Task prompt - When you copy the data, keep every line exactly as written and skip the pictures.

Records for the exercise -
== Segment start ==

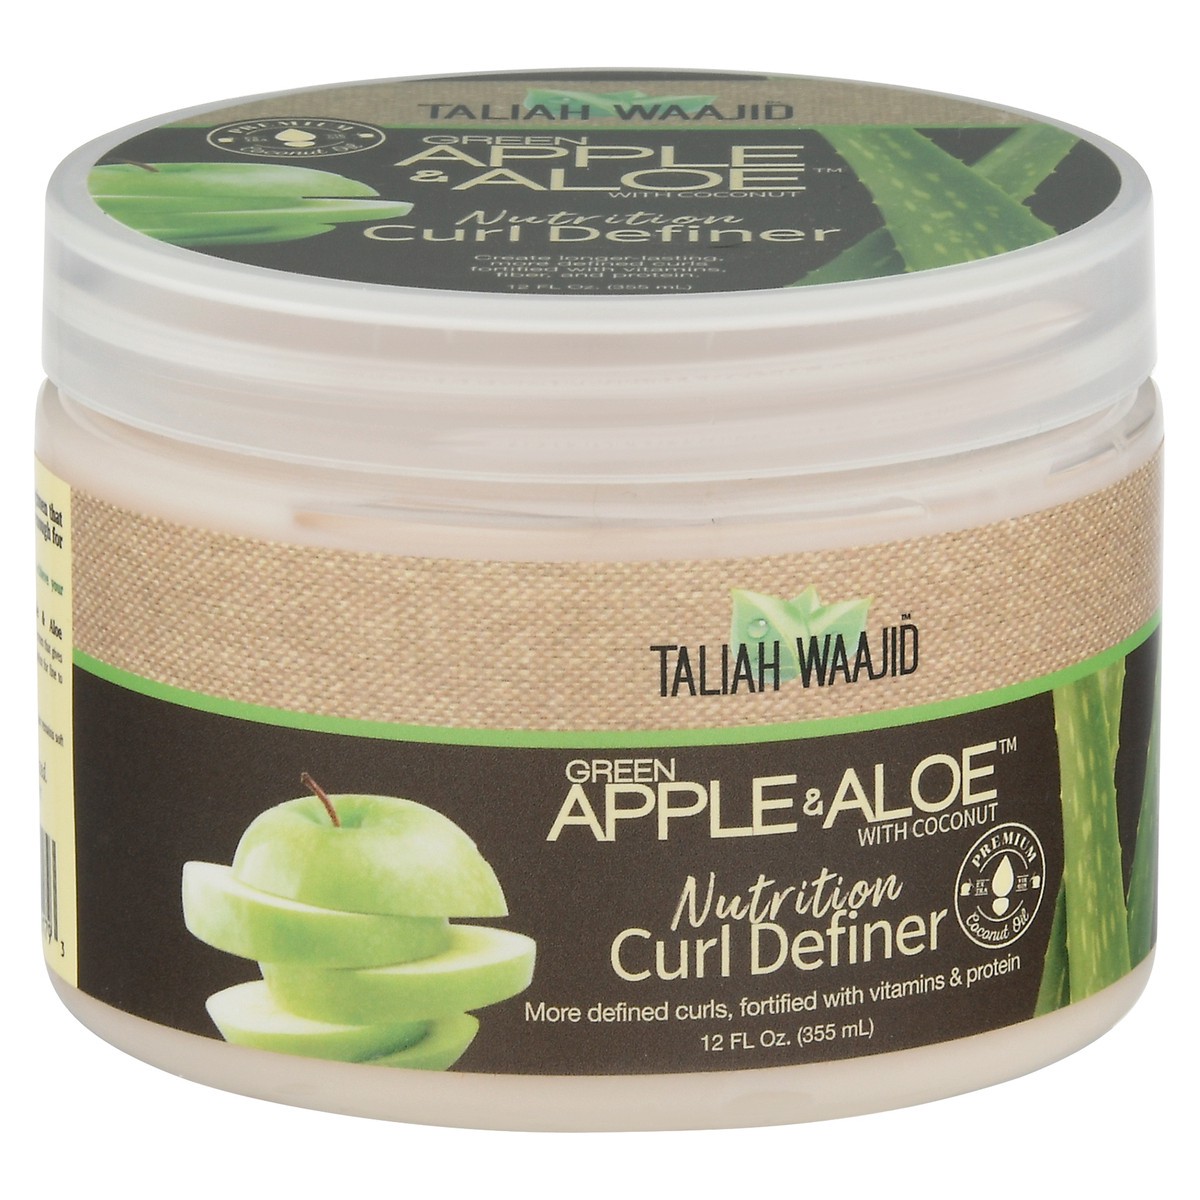 slide 5 of 9, Taliah Waajid Nutrition Green Apple & Aloe with Coconut Curl Definer 12 fl oz, 12 fl oz
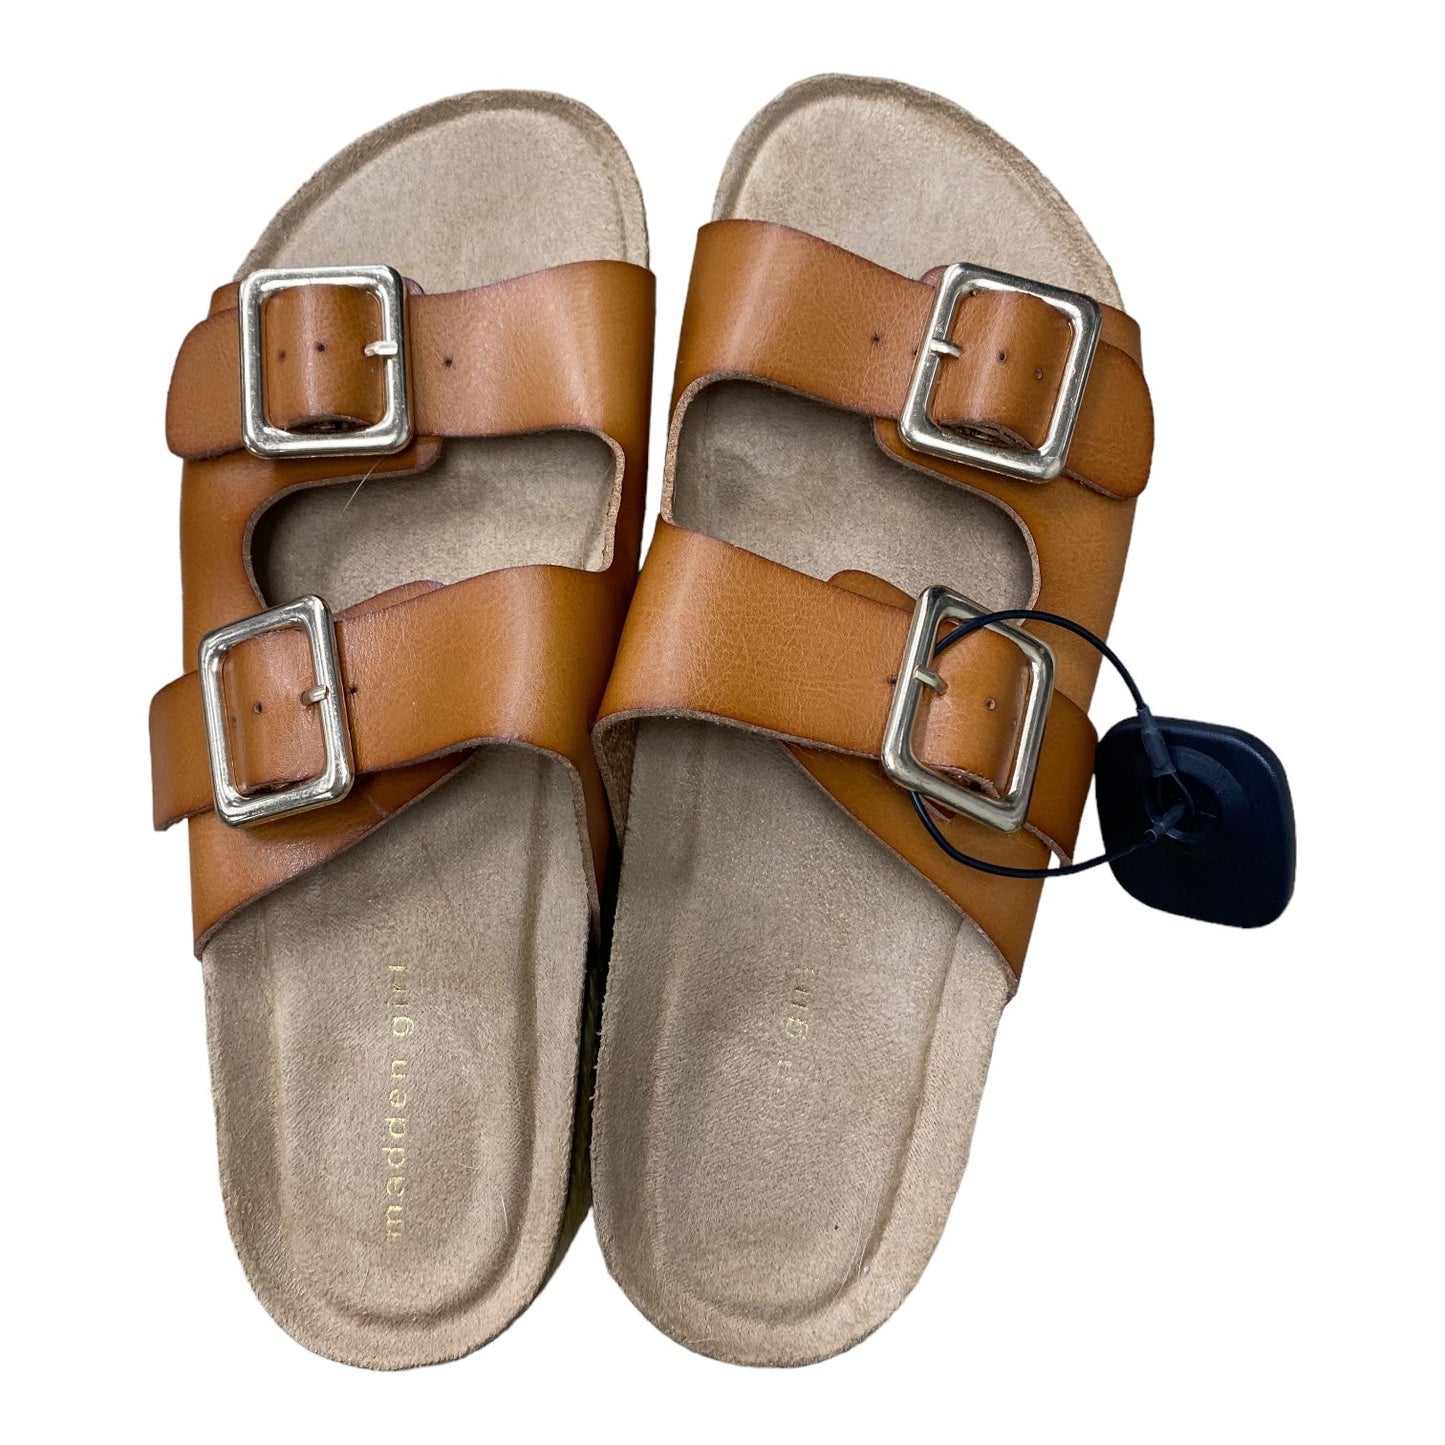 Sandals Heels Platform By Madden Girl  Size: 11
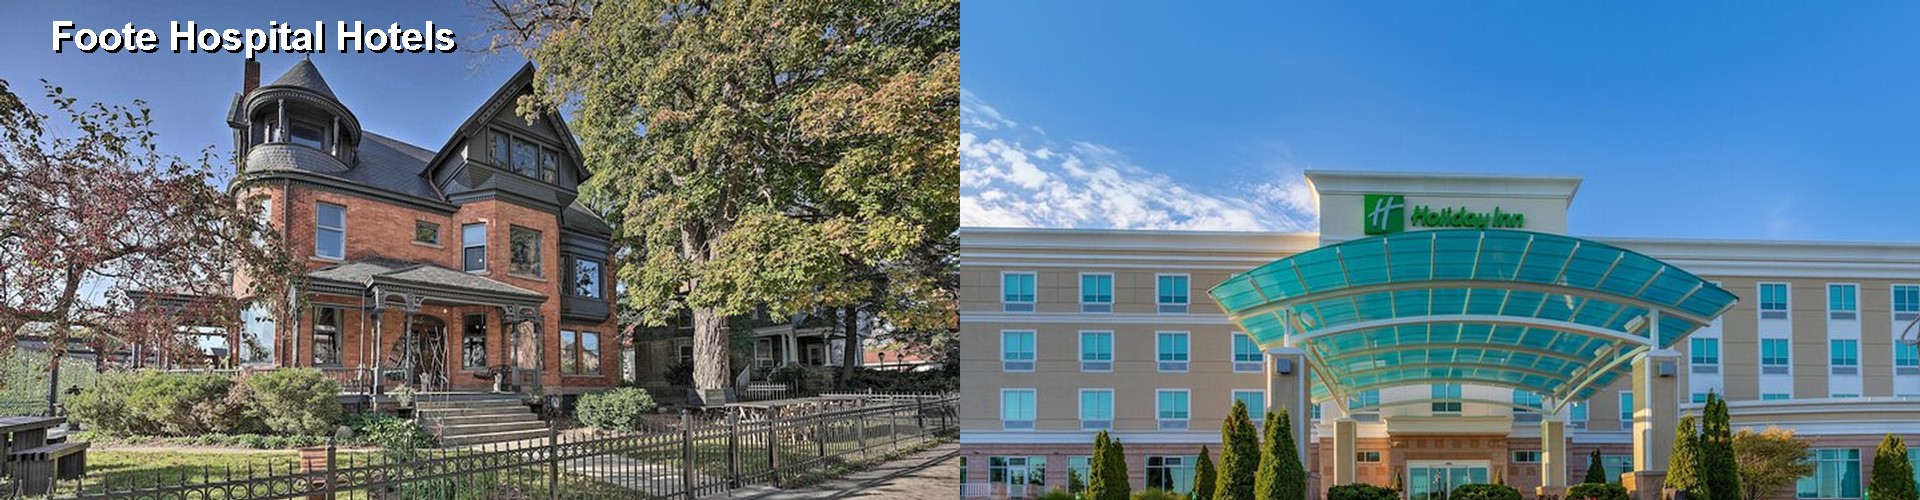 4 Best Hotels near Foote Hospital
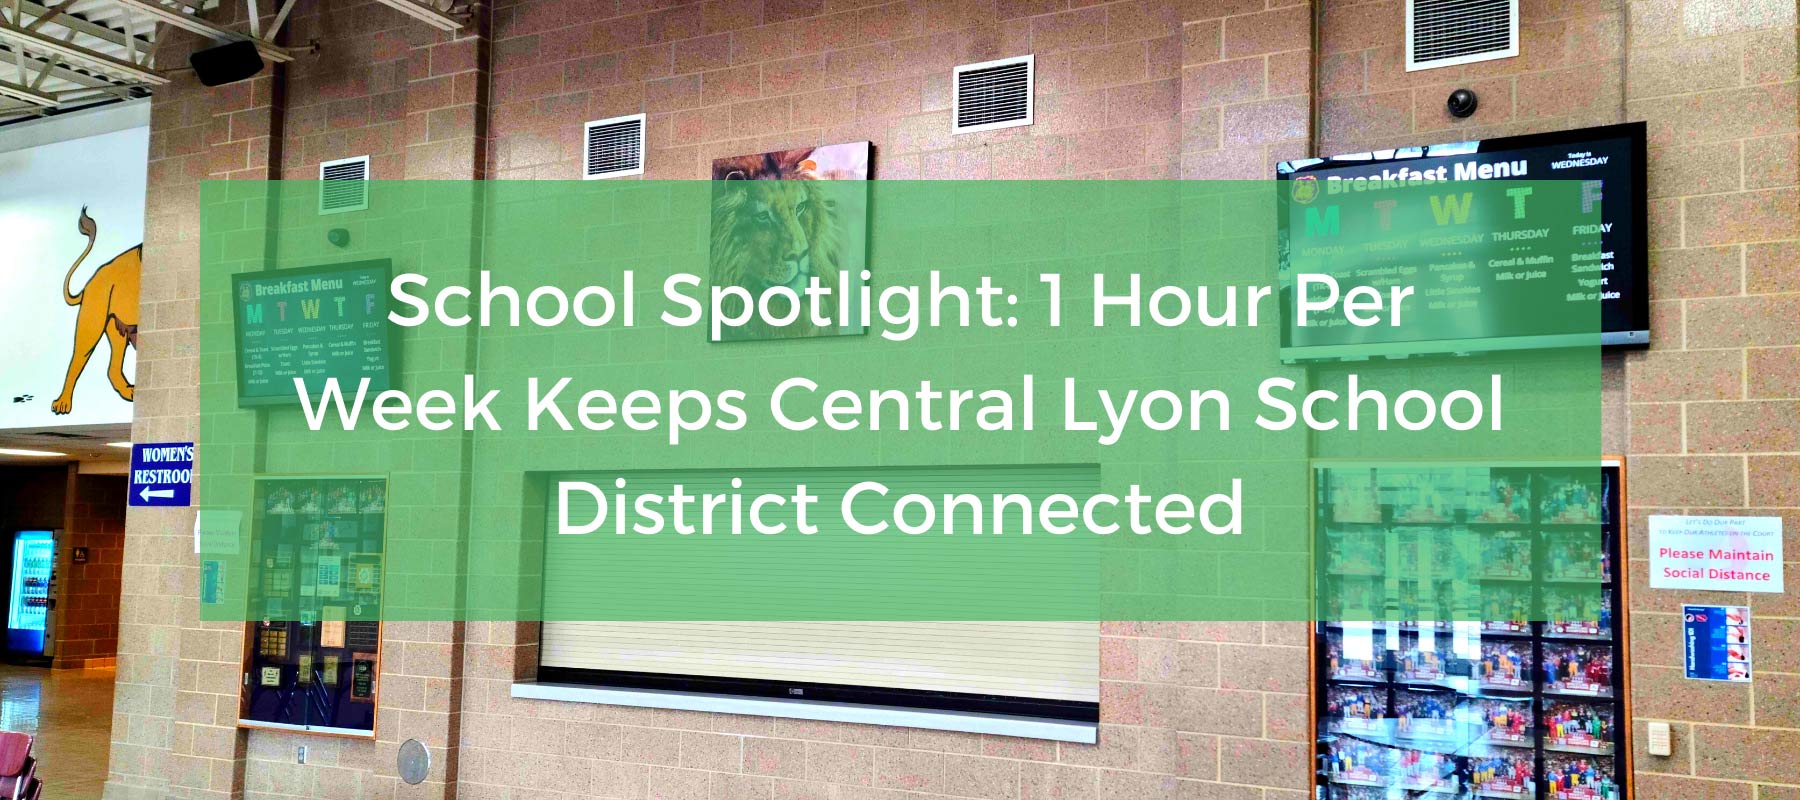 School Spotlight: 1 Hour Per Week Keeps Central Lyon School District Connected
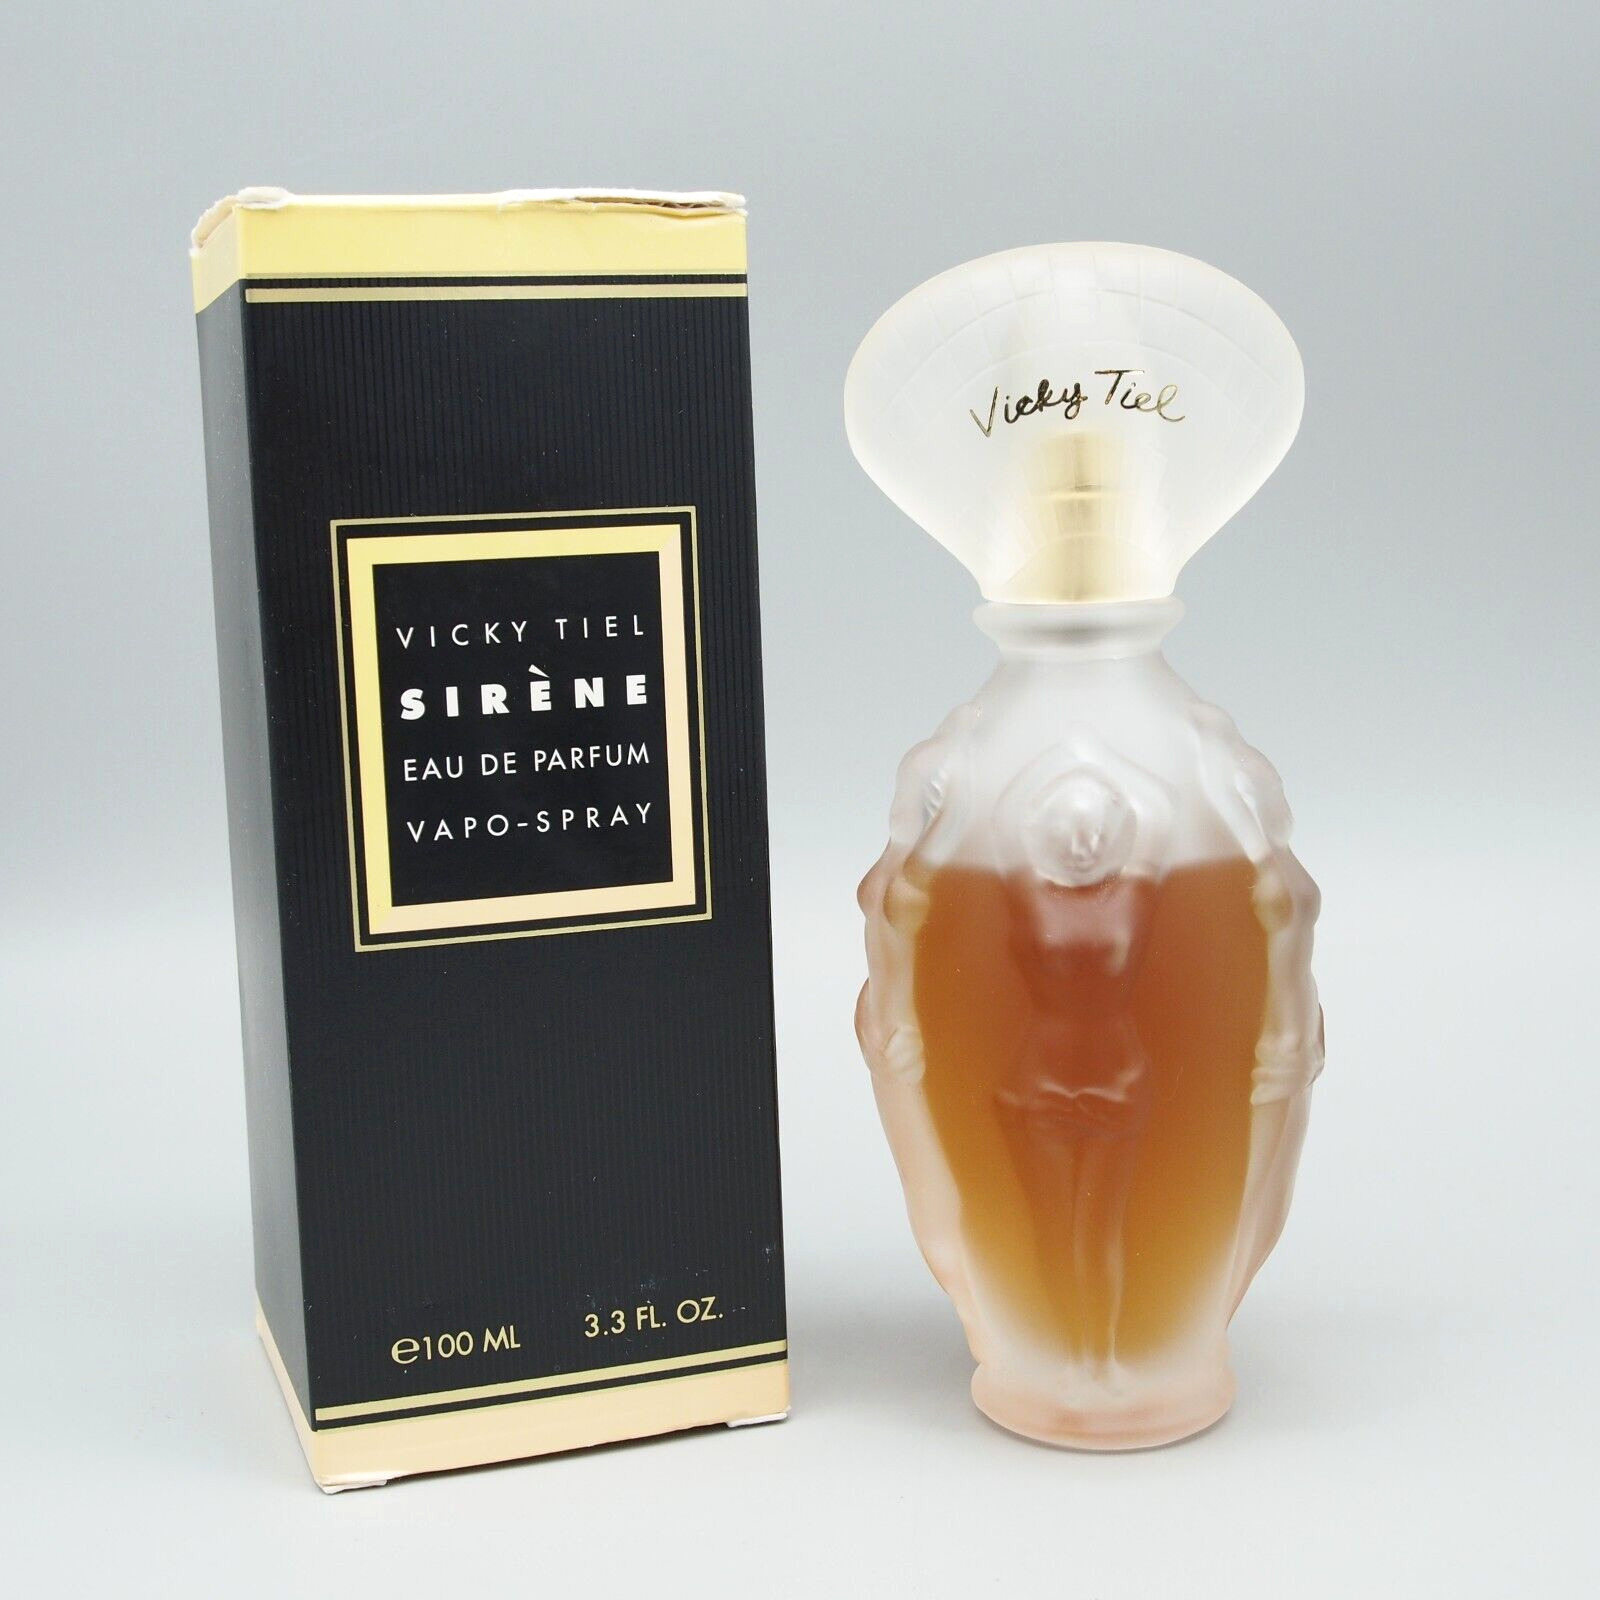 Vintage FIVE STAR VICKY TIEL SIRENE Spray Perfume 3.3oz Original Scent 80%+ Full

== Segment end ==

Your response -
 slide 5 of 9, Taliah Waajid Nutrition Green Apple & Aloe with Coconut Curl Definer 12 fl oz, 12 fl oz
 Sandals Heels Platform By Madden Girl  Size: 11
 4 Best Hotels near Foote Hospital
 School Spotlight: 1 Hour Per Week Keeps Central Lyon School District Connected
 Vintage FIVE STAR VICKY TIEL SIRENE Spray Perfume 3.3oz Original Scent 80%+ Full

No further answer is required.